This project demonstrates image classification using the SwinV2 transformer model from Hugging Face Transformers library. The model is trained on a custom dataset for the task of classifying images into multiple categories.
- Model Architecture: SwinV2 (Shifted Window Transformer V2) is a vision transformer designed for high-performance image recognition tasks.
- Pretrained Model: The model
microsoft/swinv2-tiny-patch4-window8-256
is used as the base model and fine-tuned for the classification task. - Custom Adaptation: The number of output labels is adjusted to match the number of categories in the dataset, and label-to-ID mappings are defined for proper encoding.
-
Dataset Preparation:
- The dataset is structured into training and validation splits.

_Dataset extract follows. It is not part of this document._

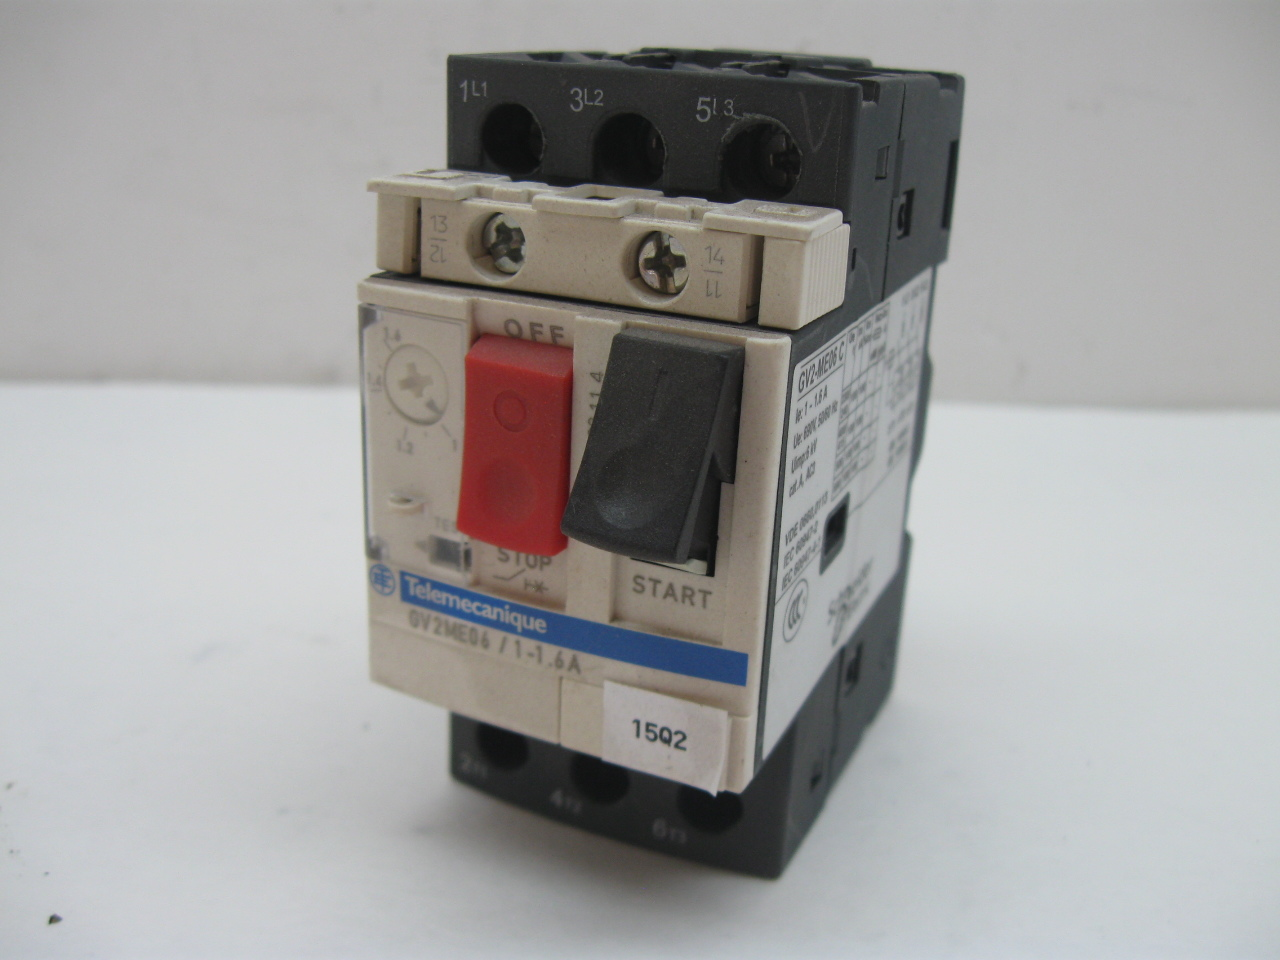 Telemecanique gv2 me06 1 1 6a manual motor starter with adjustable overload Telemecanique motor starter

- Images are preprocessed with transformations like resizing, Gaussian blur, sharpness adjustment, and histogram equalization.
-
Optimizer and Scheduler:
- Optimizer: Adam, with a learning rate of 1e-4.

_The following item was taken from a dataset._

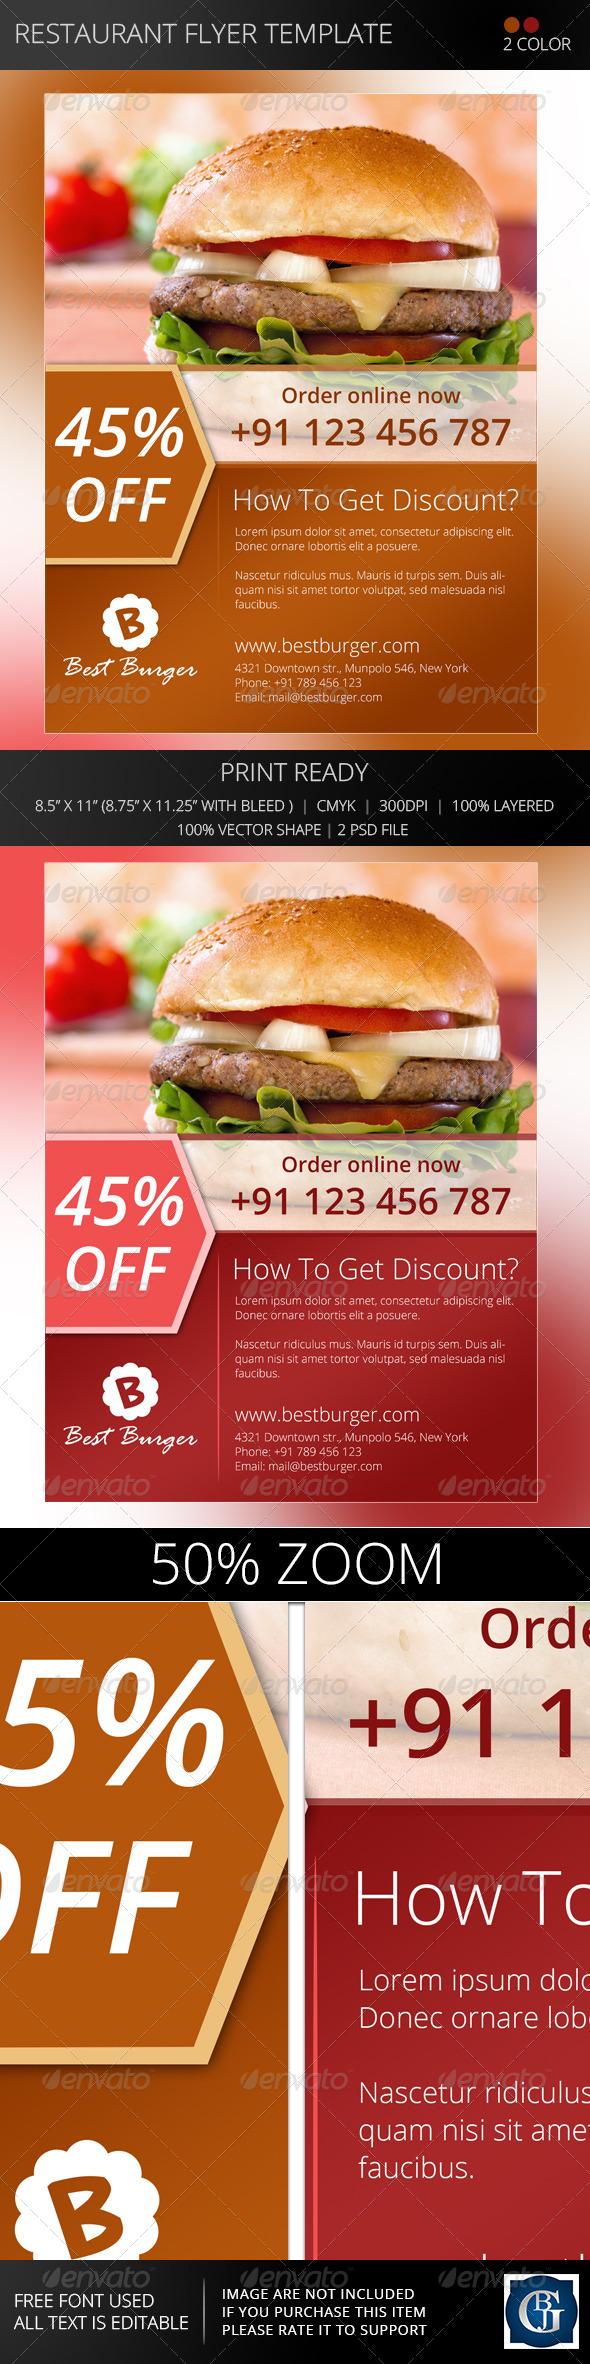 GraphicRiver Restaurant Flyer Template V 01 5648597

- Scheduler: Linear warmup followed by decay to ensure smooth optimization.
-
Metrics for Evaluation:
- Accuracy
- Precision
- Recall
- F1-Score
-
Training Configuration:
- Batch size: 32
- Epochs: 20
- Evaluation and model saving are performed at specified intervals.
-
Logging and Tracking:
- All training metrics and evaluations are logged using WandB (Weights and Biases), allowing real-time monitoring and analysis.
- The fine-tuned SwinV2 model is saved after training and can be loaded for inference or further fine-tuning.
.
.github/
└── workflows/
│ └── ci-cd-pipeline.yml
data/
├── test/
├── train/
└── val/
model/
├── config.json
├── model.safetensors
├── preprocessor_config.json
└── training_args.bin
wandb/
.gitattributes
model_training.py
notebook.ipynb
publish_to_hf.py
README.md
requirements.txt
validate_model.py
Follow these steps to set up the project locally:
-
Clone the repository:
https://github.com/zzazzz/trashnet.git cd trashnet
-
Create a virtual environment:
- On Ubuntu/Mac:
python -m venv venv source venv/bin/activate
- On Windows:
python -m venv venv venv\Scripts\activate
- On Ubuntu/Mac:
-
Install dependencies:
python -m pip install --upgrade pip pip install -r requirements.txt
-
Run the training script:
python model_training.py
-
Validate the model:
python validate_model.py
-
Publish the model:
python publish_to_hf.py
This project includes a GitHub Actions pipeline defined in .github/workflows/ci_cd_pipeline.yml
. The pipeline consists of the following stages:
- Model Training: Trains the deep learning model.
- Validation: Validates the model on a validation dataset.
- Publishing: Publishes the trained model to the Hugging Face Hub.